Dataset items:
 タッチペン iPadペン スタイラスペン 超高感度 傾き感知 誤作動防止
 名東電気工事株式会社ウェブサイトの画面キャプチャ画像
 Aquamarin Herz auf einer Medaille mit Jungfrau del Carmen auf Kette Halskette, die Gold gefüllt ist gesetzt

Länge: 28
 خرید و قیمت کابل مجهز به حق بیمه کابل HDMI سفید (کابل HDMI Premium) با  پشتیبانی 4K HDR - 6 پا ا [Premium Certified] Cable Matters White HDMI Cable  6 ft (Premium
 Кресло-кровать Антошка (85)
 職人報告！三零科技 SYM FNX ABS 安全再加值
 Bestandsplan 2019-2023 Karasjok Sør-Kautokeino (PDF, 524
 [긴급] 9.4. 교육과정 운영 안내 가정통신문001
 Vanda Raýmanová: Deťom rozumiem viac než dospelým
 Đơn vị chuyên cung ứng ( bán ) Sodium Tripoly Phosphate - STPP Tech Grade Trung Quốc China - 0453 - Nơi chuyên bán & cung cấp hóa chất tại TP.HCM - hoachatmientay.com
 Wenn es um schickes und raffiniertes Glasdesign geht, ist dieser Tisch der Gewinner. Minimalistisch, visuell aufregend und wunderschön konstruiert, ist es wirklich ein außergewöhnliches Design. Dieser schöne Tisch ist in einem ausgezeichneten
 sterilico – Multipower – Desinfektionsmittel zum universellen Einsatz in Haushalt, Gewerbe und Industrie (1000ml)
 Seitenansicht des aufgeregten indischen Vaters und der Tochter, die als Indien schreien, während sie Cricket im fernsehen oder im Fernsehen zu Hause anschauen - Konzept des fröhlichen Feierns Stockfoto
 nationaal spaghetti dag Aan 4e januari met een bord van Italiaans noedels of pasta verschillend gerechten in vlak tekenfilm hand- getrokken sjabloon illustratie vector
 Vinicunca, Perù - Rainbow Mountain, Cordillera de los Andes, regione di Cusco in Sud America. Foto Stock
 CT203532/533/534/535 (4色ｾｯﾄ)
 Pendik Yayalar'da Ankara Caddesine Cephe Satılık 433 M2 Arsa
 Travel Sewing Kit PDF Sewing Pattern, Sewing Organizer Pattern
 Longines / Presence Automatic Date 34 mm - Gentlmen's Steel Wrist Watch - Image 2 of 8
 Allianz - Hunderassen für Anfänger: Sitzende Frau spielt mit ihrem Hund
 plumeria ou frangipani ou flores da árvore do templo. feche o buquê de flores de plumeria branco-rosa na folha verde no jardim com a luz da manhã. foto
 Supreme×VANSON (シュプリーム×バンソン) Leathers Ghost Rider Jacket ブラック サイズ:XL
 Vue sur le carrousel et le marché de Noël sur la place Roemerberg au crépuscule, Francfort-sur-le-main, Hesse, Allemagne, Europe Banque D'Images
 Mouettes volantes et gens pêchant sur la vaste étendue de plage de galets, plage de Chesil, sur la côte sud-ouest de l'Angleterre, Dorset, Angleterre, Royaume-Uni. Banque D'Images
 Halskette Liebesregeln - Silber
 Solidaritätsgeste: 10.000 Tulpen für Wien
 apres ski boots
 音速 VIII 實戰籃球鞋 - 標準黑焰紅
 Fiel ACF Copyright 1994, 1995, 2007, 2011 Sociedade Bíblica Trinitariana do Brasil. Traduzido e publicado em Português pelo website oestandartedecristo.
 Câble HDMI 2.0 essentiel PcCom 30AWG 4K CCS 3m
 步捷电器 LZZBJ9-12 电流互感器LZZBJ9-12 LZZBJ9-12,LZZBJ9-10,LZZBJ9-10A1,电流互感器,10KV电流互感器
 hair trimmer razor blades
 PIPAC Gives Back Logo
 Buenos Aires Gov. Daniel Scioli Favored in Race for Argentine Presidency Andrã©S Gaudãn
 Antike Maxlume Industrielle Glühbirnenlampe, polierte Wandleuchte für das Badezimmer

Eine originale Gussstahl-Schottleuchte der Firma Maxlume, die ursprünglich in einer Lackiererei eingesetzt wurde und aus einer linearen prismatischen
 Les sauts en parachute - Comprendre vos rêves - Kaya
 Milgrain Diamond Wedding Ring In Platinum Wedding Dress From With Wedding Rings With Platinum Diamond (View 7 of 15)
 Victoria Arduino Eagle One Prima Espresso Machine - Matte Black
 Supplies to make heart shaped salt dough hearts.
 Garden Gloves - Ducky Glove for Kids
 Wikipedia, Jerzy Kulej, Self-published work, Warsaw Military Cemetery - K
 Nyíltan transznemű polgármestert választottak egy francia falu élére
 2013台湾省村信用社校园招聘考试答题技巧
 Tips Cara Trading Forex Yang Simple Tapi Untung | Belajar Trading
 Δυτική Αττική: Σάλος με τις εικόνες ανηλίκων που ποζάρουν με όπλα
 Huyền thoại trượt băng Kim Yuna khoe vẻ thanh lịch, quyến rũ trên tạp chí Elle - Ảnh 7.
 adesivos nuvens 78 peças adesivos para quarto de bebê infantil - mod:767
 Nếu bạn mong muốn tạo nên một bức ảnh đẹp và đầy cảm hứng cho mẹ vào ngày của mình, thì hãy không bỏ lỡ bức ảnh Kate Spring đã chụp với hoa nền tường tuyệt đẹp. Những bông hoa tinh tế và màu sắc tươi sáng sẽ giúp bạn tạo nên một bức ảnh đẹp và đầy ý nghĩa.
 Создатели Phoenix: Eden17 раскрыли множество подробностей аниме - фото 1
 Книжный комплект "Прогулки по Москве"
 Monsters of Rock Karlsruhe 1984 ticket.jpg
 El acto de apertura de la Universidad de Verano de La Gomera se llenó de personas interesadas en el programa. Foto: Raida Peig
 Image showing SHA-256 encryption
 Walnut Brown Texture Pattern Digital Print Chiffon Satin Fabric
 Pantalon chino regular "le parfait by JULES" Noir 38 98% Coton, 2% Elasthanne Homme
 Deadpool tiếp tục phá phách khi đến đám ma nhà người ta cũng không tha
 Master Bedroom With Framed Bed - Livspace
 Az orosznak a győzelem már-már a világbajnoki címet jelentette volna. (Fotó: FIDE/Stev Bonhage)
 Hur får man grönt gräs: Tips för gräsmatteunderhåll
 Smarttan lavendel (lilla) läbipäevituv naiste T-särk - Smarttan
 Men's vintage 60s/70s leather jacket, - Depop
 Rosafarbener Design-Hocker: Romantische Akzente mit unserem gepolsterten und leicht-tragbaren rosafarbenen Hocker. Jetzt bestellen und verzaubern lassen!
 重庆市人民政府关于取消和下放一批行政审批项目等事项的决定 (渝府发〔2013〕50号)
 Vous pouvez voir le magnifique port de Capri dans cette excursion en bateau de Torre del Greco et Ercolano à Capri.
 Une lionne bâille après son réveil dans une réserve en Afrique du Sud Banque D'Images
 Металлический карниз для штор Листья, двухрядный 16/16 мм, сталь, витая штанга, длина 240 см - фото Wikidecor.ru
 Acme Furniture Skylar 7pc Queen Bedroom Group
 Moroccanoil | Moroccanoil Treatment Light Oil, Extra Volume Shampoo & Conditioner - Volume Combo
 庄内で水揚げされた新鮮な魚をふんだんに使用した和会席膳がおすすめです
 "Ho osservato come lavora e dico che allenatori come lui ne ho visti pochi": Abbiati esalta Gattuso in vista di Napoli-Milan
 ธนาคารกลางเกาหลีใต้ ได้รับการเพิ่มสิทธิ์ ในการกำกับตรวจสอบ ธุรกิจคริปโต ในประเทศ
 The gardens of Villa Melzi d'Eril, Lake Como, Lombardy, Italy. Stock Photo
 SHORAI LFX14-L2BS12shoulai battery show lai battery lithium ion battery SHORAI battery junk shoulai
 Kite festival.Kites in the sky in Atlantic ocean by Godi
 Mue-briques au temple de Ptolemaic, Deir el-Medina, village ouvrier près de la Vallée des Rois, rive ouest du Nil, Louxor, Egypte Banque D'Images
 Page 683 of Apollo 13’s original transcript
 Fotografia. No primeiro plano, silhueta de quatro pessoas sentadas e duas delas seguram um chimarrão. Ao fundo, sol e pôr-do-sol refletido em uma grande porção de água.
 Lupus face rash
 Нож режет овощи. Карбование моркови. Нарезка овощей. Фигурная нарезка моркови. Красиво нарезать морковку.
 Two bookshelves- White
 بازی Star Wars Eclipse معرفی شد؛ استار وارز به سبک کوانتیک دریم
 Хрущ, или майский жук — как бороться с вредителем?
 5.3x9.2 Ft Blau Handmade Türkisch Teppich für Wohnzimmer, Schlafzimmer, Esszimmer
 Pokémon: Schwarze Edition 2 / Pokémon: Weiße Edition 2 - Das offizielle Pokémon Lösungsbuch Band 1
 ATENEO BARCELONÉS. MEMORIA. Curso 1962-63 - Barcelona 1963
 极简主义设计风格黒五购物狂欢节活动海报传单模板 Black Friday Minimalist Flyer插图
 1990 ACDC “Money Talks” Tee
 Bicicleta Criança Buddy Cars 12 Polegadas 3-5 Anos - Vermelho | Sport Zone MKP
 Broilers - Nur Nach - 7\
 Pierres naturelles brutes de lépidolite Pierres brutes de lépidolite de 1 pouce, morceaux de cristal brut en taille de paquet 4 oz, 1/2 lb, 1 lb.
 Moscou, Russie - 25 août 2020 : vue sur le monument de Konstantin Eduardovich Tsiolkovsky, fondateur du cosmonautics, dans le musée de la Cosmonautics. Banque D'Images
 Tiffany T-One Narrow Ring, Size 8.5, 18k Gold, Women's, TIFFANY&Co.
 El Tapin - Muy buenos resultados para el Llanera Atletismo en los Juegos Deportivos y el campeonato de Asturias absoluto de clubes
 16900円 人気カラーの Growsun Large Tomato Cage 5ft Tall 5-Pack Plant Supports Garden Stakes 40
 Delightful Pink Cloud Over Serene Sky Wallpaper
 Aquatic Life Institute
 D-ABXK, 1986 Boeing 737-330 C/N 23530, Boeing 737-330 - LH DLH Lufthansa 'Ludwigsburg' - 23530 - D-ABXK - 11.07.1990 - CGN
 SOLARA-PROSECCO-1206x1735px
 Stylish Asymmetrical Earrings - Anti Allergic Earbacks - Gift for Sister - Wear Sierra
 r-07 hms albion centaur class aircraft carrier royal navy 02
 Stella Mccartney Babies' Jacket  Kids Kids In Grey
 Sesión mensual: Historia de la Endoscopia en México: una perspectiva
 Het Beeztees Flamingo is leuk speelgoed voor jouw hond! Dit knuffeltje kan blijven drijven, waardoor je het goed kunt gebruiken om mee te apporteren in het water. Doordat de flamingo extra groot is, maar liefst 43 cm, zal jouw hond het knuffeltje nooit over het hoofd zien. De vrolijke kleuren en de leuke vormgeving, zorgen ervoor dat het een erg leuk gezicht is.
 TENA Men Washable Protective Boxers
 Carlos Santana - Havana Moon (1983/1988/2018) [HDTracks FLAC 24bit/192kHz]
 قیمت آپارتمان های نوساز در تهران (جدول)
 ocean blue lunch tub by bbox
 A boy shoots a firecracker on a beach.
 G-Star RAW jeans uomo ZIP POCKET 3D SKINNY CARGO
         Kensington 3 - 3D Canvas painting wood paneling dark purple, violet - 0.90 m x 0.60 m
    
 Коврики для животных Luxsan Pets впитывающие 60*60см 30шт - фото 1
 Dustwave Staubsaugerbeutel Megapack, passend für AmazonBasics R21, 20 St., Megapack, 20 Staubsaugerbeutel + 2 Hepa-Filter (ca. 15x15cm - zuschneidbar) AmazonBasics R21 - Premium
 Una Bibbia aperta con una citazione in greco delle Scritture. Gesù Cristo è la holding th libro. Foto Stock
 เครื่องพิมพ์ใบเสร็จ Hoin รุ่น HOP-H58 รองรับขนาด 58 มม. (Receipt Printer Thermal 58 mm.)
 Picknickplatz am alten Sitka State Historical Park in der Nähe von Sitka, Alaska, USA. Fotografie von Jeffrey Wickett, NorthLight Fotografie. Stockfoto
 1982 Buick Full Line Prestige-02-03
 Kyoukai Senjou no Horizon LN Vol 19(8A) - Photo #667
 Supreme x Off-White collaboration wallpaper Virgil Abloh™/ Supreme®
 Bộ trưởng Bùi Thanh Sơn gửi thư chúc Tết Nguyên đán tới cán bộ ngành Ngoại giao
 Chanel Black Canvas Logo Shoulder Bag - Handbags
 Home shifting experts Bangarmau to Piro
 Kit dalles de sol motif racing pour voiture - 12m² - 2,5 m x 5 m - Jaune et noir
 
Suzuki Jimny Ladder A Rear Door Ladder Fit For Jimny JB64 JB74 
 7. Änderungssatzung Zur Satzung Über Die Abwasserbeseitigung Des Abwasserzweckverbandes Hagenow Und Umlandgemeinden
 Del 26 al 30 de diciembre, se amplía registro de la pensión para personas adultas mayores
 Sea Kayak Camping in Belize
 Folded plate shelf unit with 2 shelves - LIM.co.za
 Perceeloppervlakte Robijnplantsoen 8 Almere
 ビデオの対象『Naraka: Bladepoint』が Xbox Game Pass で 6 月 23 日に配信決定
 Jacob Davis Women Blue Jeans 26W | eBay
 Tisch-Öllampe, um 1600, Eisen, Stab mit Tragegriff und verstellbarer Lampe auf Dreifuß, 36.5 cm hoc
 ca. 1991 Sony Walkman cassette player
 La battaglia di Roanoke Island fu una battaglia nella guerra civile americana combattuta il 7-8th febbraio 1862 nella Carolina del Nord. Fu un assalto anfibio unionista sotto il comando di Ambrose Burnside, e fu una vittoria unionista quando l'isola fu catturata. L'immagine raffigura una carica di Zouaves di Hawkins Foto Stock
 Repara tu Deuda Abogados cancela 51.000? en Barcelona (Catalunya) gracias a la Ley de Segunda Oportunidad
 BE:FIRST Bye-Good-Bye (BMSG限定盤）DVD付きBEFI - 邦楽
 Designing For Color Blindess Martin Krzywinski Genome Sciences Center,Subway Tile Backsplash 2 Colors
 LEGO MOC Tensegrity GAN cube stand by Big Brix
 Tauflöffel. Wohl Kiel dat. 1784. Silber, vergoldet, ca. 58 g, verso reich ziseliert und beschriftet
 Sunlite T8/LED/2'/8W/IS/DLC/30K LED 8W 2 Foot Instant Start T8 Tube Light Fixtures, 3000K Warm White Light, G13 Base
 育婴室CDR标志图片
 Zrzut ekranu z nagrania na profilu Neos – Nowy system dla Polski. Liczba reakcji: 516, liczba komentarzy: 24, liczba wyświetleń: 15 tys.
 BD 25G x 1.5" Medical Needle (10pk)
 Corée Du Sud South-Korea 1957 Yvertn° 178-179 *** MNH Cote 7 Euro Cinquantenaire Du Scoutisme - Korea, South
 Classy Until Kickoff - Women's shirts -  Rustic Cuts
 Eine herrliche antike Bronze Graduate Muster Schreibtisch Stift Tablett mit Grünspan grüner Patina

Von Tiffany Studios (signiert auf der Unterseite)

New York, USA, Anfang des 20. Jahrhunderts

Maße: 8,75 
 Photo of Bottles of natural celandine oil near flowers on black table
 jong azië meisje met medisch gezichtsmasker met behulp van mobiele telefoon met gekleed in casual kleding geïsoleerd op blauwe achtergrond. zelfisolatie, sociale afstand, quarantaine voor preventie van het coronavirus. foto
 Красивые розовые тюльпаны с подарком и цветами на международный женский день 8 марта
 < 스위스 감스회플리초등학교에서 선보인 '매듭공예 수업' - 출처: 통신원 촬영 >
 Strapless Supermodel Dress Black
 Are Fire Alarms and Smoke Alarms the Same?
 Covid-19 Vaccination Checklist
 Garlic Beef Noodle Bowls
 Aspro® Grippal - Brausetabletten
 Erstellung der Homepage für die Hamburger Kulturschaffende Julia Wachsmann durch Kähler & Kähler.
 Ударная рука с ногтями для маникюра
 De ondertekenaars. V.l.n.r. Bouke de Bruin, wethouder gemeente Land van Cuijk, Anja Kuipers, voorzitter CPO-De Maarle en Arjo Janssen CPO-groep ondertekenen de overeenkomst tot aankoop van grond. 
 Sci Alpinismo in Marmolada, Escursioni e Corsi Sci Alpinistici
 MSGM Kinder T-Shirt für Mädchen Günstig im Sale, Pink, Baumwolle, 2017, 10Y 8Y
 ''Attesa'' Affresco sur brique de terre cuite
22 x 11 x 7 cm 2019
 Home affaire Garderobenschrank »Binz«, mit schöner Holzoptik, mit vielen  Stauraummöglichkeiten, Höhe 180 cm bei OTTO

## Task item
Give again, exactly as written, the lines running from the first line of the data above through the line that contains "Đơn vị chuyên".

## Result below
 タッチペン iPadペン スタイラスペン 超高感度 傾き感知 誤作動防止
 名東電気工事株式会社ウェブサイトの画面キャプチャ画像
 Aquamarin Herz auf einer Medaille mit Jungfrau del Carmen auf Kette Halskette, die Gold gefüllt ist gesetzt

Länge: 28
 خرید و قیمت کابل مجهز به حق بیمه کابل HDMI سفید (کابل HDMI Premium) با  پشتیبانی 4K HDR - 6 پا ا [Premium Certified] Cable Matters White HDMI Cable  6 ft (Premium
 Кресло-кровать Антошка (85)
 職人報告！三零科技 SYM FNX ABS 安全再加值
 Bestandsplan 2019-2023 Karasjok Sør-Kautokeino (PDF, 524
 [긴급] 9.4. 교육과정 운영 안내 가정통신문001
 Vanda Raýmanová: Deťom rozumiem viac než dospelým
 Đơn vị chuyên cung ứng ( bán ) Sodium Tripoly Phosphate - STPP Tech Grade Trung Quốc China - 0453 - Nơi chuyên bán & cung cấp hóa chất tại TP.HCM - hoachatmientay.com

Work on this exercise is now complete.